Life

“You don’t really start start off: It’s time to write a novel, what shall I write about? Now, there may be instances—Hollywood or some commercial writing—where the writer is that objective. But I don’t think most writers, good or bad, work that way. They tend to have a lot of stories available to them just because they are human beings. Anybody here knows a lot of stories—whether he knows he knows them or not, he knows them. Now, when a writer decides on one of the many stories he has encountered, he doesn’t just say: I’ll take the third from the left. He sees his material in terms of a type of story that somehow catches hold of him, like a cockleburr in his hair. Why it’s this story instead of that one that he picks to work on may be accidental, but waiving that consideration, it’s really because it has a germ of meaning for him personally. An observation or an event snags on to an issue in your own mind, feelings, life—some probably unformulated concern that makes the exploration of the connection between that thing and the issue rewarding.
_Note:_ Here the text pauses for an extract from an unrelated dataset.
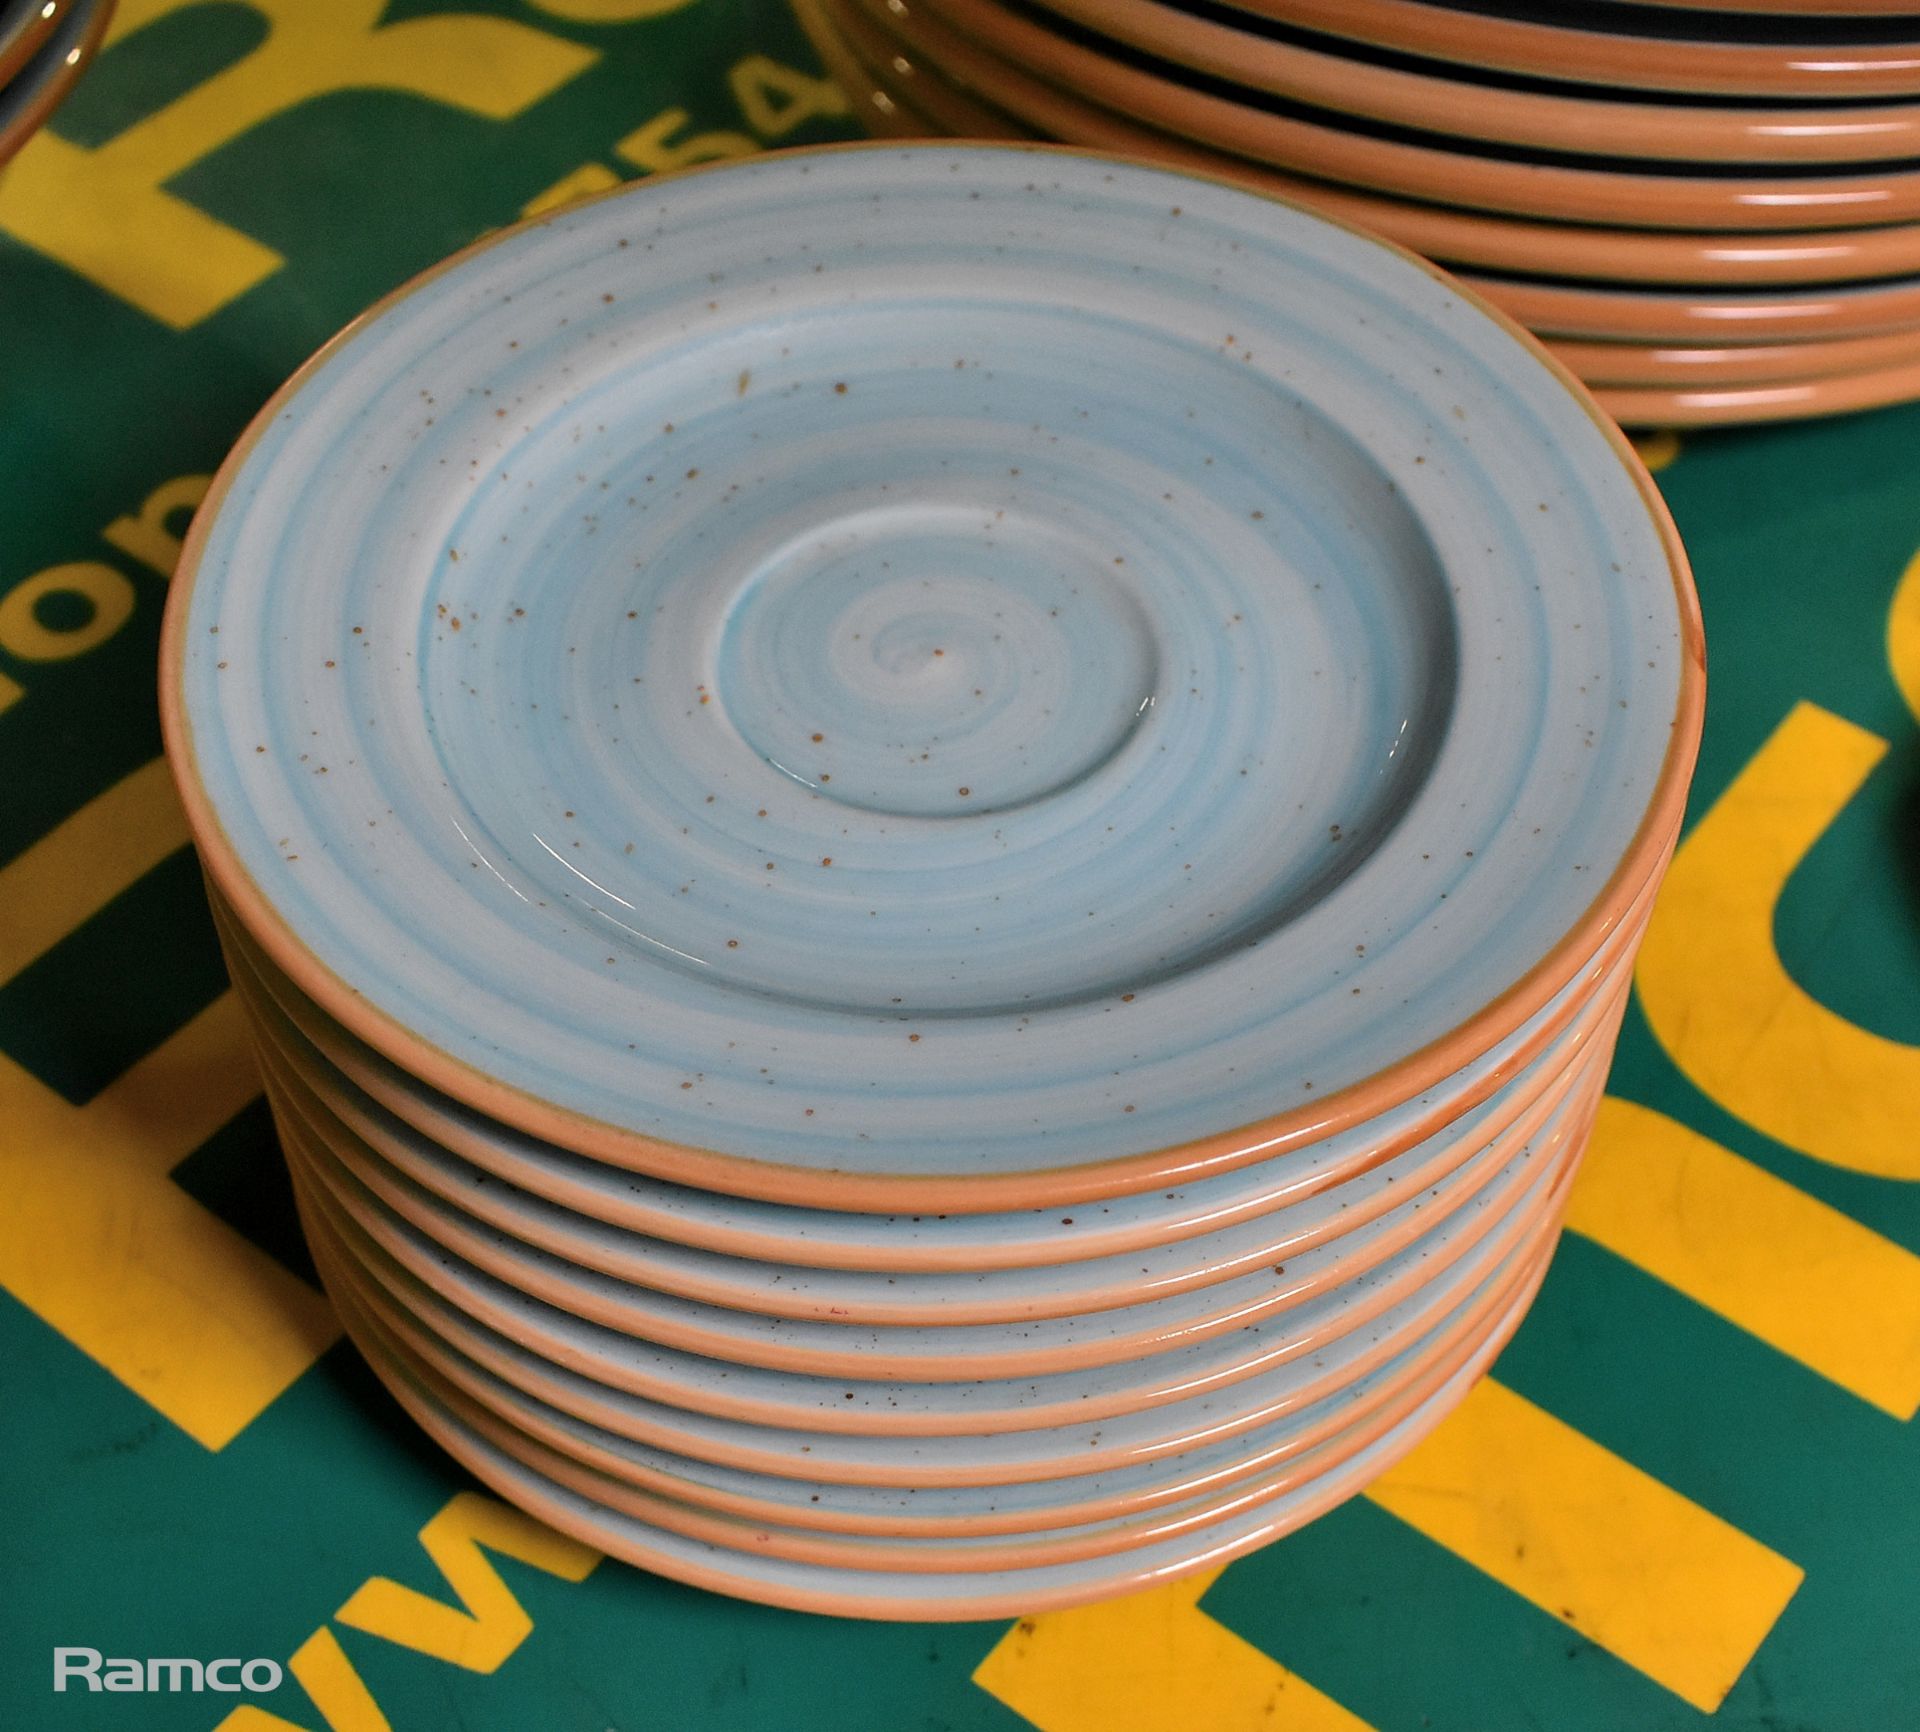 Bonna Premium Porcelain Aura Aqua crockery set: cups, saucers, plates and bowls - Image 2 of 4

This can happen without your being conscious of why some particular scene makes it happen.”

—Robert Penn Warren, interview with Frank Gado, 1966.

The Pioneers

Critics who read novels biographically are nothing new:

It has been often said, and in published statements, that the heroine of this book was drawn after a sister of the writer, who was killed by a fall from a horse now near half a century since. So ingenious is conjecture that a personal resemblance has been discovered between the fictious character and the deceased relative! It is scarcely possible to describe two two females of the same class in life, who would be less alike, personally, than Elizabeth Temple and the sister of the author who met with the deplorable fate mentioned. In a word, they were unlike in this respect as in history, character, and fortunes.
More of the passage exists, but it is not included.